### Work order
All of the data must be output exactly, with every picture left out.

### Stored data
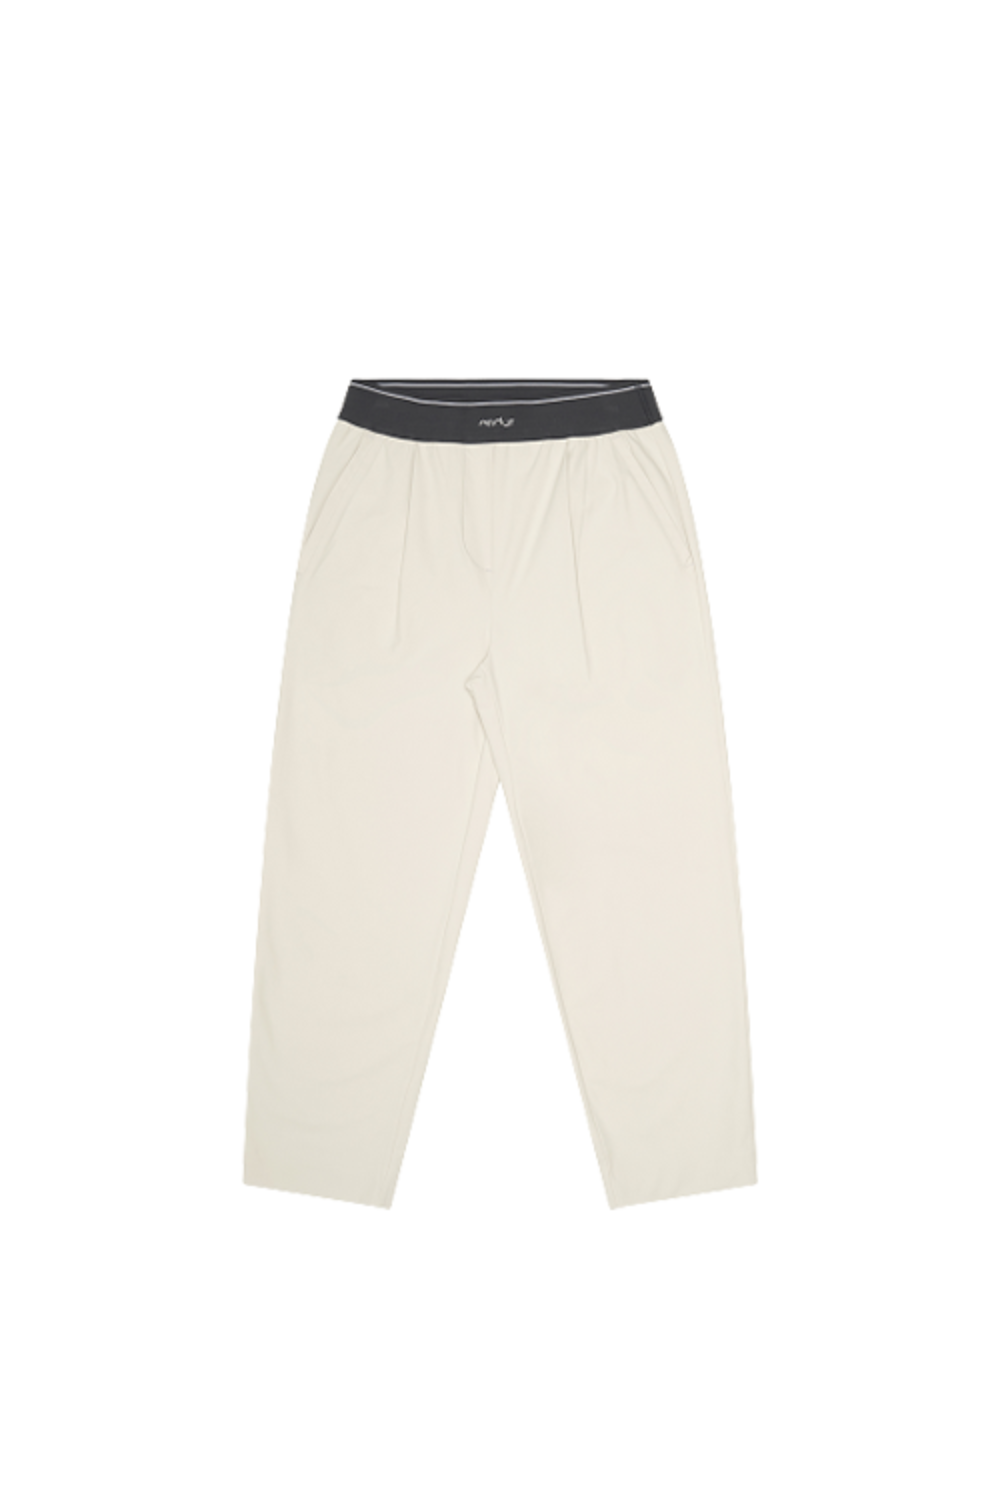 Airst Essential 7/8 Slim Fit Pants
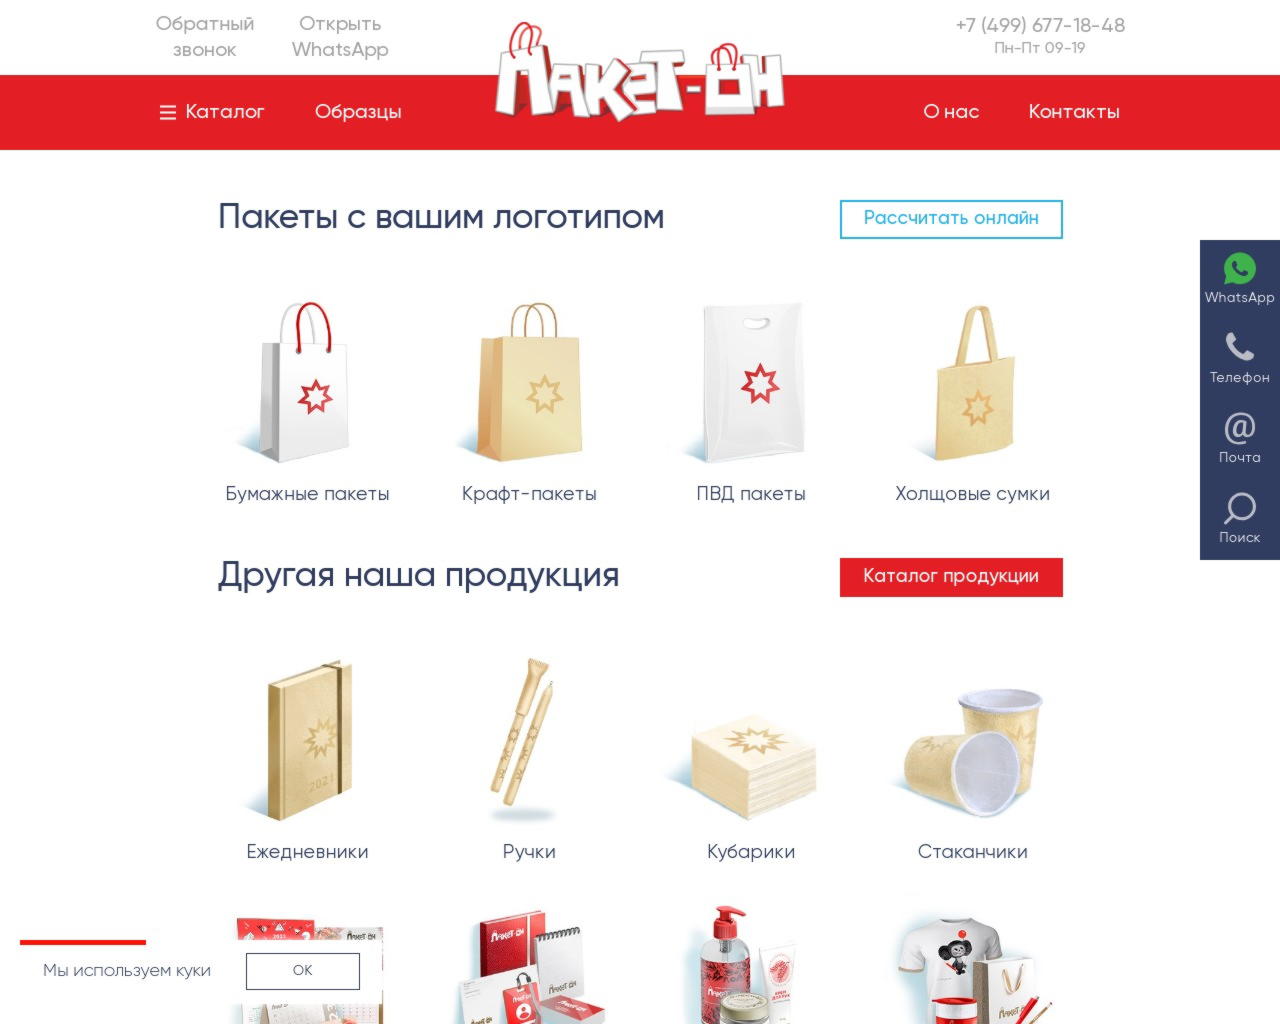 Изображение скриншота сайта - Изготовление бумажных пакетов в Москве дешево и качественно
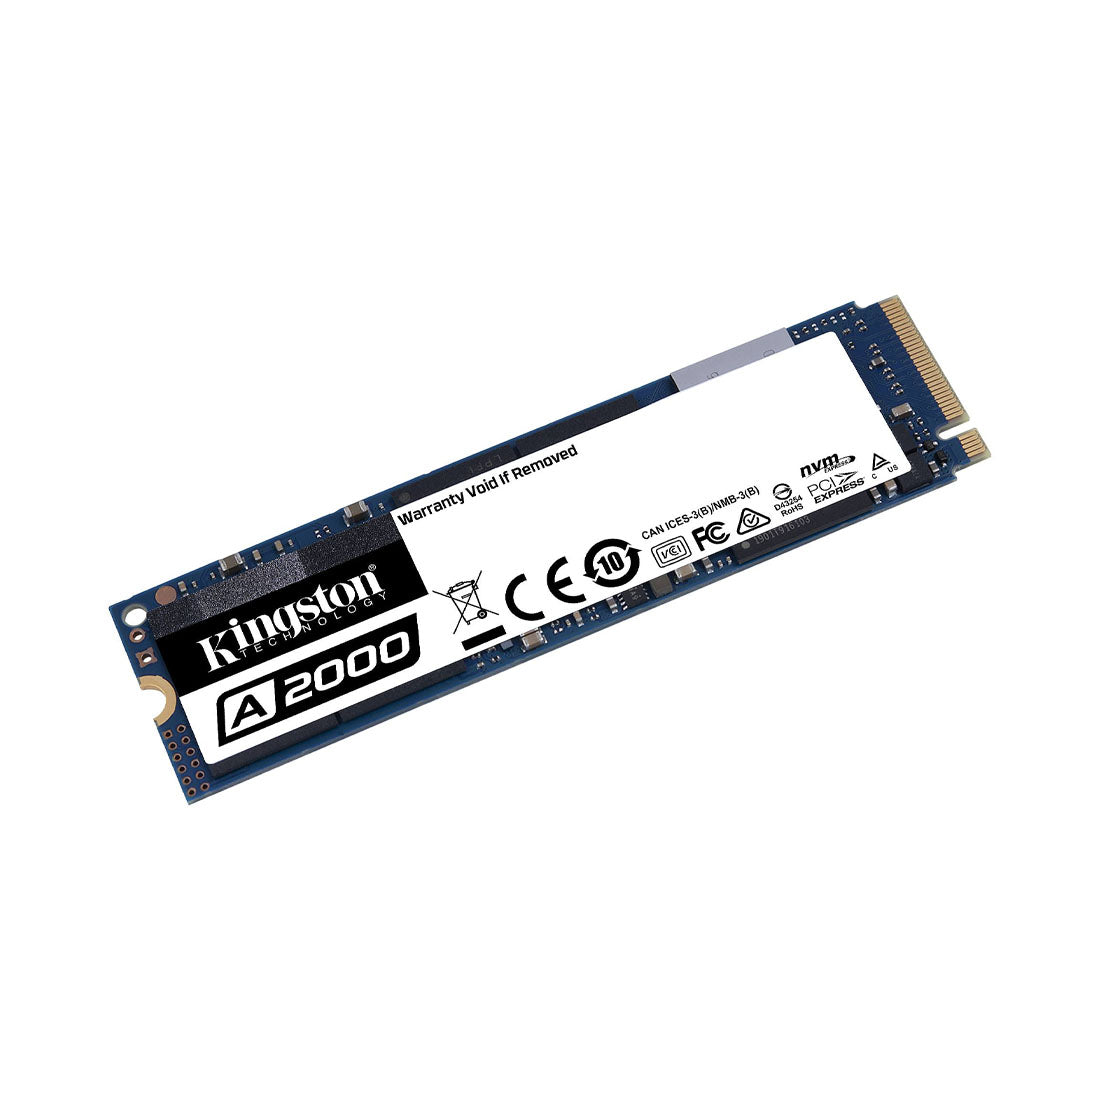 [रिपैक्ड] किंग्स्टन A2000 250GB M.2 2280 NVMe PCIe इंटरनल SSD
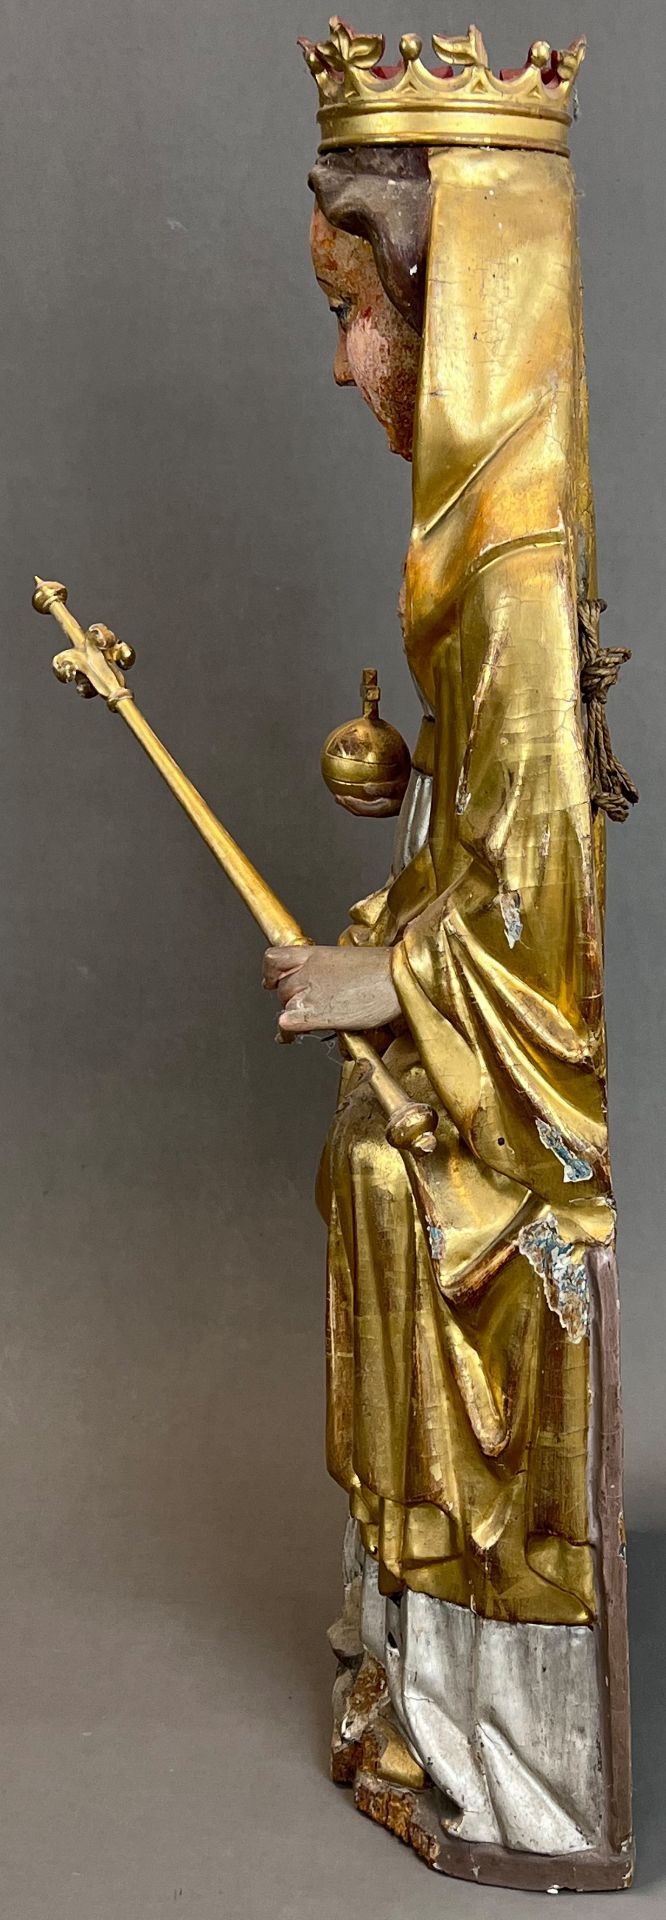 Holzfigur. Jungfrau Maria mit Christuskind. Um 1700. Süddeutschland. - Bild 2 aus 10

### Response
 Airst Essential 7/8 Slim Fit Pants
 Изображение скриншота сайта - Изготовление бумажных пакетов в Москве дешево и качественно
 [रिपैक्ड] किंग्स्टन A2000 250GB M.2 2280 NVMe PCIe इंटरनल SSD
 Holzfigur. Jungfrau Maria mit Christuskind. Um 1700. Süddeutschland. - Bild 2 aus 10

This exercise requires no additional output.